Alguna vez me he encontrado dentro de la comunidad a gais ungidos por la mano de una supuesta perfección que te dicen: “Es su problema”. Me recuerda mucho a aquello de “si es yonqui es porque él quiere, nadie le ha obligado”. En fin, personas que no son capaces de ver al otro. Personas demasiado entregadas a mirarse su propio ombligo. Pero no, “no es su problema”. El término comunidad es grupo. Y quiero, necesito pensar, que nosotros lo sabemos hacer mucho mejor que eso. Quiero pensar que podemos hablar calmadamente de las cosas que nos pasan sin tirarnos los trastos a la cabeza y sin lanzar zascas a diestro y siniestro. Que podemos unir las manos y salir juntos de esto.
Hubo algo trascendental que aprendí en mi desintoxicación: el poder del grupo y la sanación de la palabra y el compartir con otros. De estos infiernos nunca se sale solo, jamás. Se sale con ayuda profesional y con una red de apoyo y de afectos. Quiero pensar que los que estamos a salvo podemos ser esa red para los que, lamentablemente, se han perdido en ese abismo. Quiero pensar que podemos hablar de las cosas que nos ocurren en el colectivo: los apegos, la inmediatez de las aplicaciones, la hipersexualización, las herencias patriarcales, la homofobia interiorizada, la gordofobia, los estándares inalcanzables, el machismo, el edadismo, la libertad sexual, las nuevas formas de relación, etc.

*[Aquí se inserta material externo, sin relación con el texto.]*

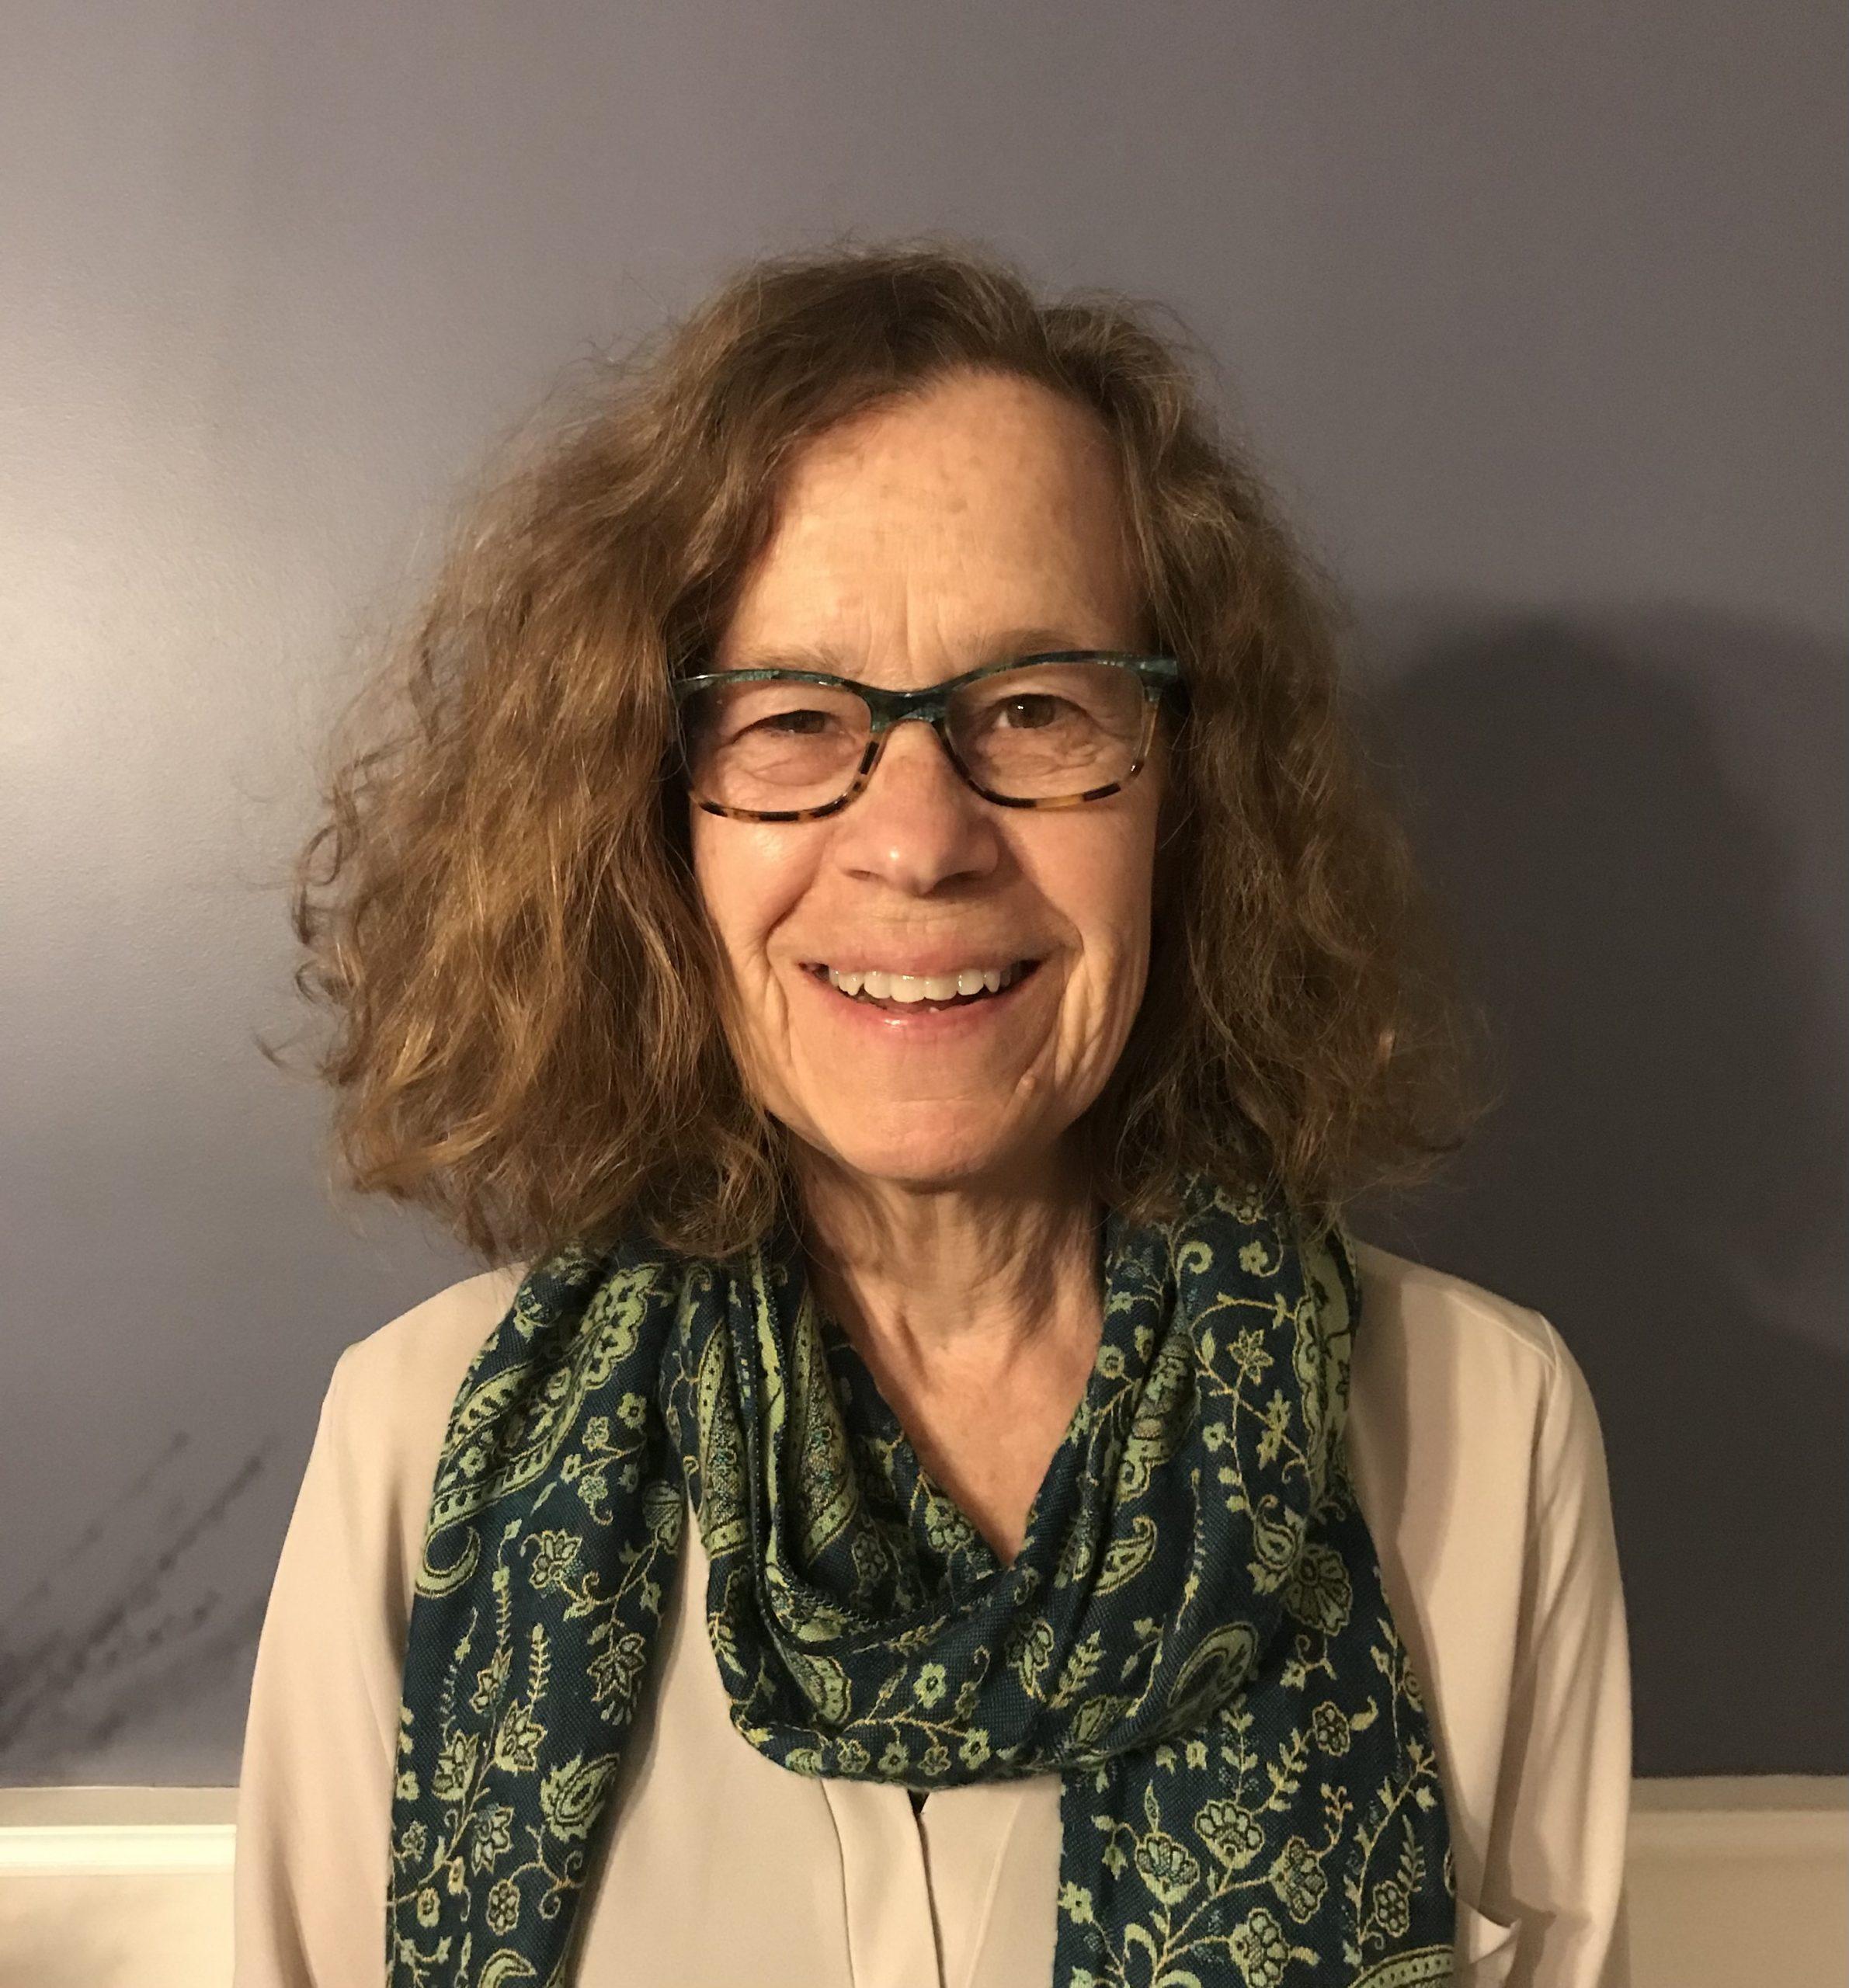 Wendy L. Alpaugh, D.M.D.

Que podemos debatirlas para hacernos más fuertes y unirnos más. Suena a utopía, pero me niego a pensar que no somos capaces. Creo fervientemente que si alguien es capaz de no juzgar, de no estigmatizar, de no condenar al ostracismo, a la soledad y al silencio, somos precisamente nosotros. Que si alguien conoce la importancia de los cuidados, del respeto, de la aceptación y de los abrazos, somos nosotros.
¿Cuál es la solución? ¿Qué se puede hacer? No tengo las respuestas. Ojalá las tuviera. Lo pienso y lo reflexiono prácticamente a diario. Es algo que me preocupa muchísimo. Solo sé que el silencio no es la contestación a esta pregunta. Al contrario, el silencio alimenta el oscurantismo y la estigmatización, la incomprensión y la culpa. Atravesando lo que yo atravesé, no podría perdonarme no poner sobre la mesa esta epidemia para intentar que tomemos conciencia de sus dimensiones y que arrimemos el hombro, para instaurar los amores, los abrazos, la compañía y el apoyo. Que nos olvidemos de los cuerpos, de nuestras fotos de Instagram, de los debates estériles de Twitter y que pongamos el foco en lo que está ocurriendo a nuestro alrededor.
Creo que es necesario, como nunca, que construyamos comunidad y que seamos la red de apoyo de la que muchas personas, ahora mismo, están necesitadas. Es capital que lo hagamos y que nos unamos. Nos estamos jugando, literalmente, la vida. Y a los otros, a los que nunca nos van a respetar, a los que, hagamos lo que hagamos nos van a señalar y a condenar, que les jodan. No son importantes. Tenemos algo mucho más urgente a lo que atender: nosotros mismos.
Ojalá podamos decirles a todas esas personas que están sufriendo que estamos aquí para ellos. Que en este partido jugamos todos en el mismo equipo. Y que lo vamos a ganar juntos.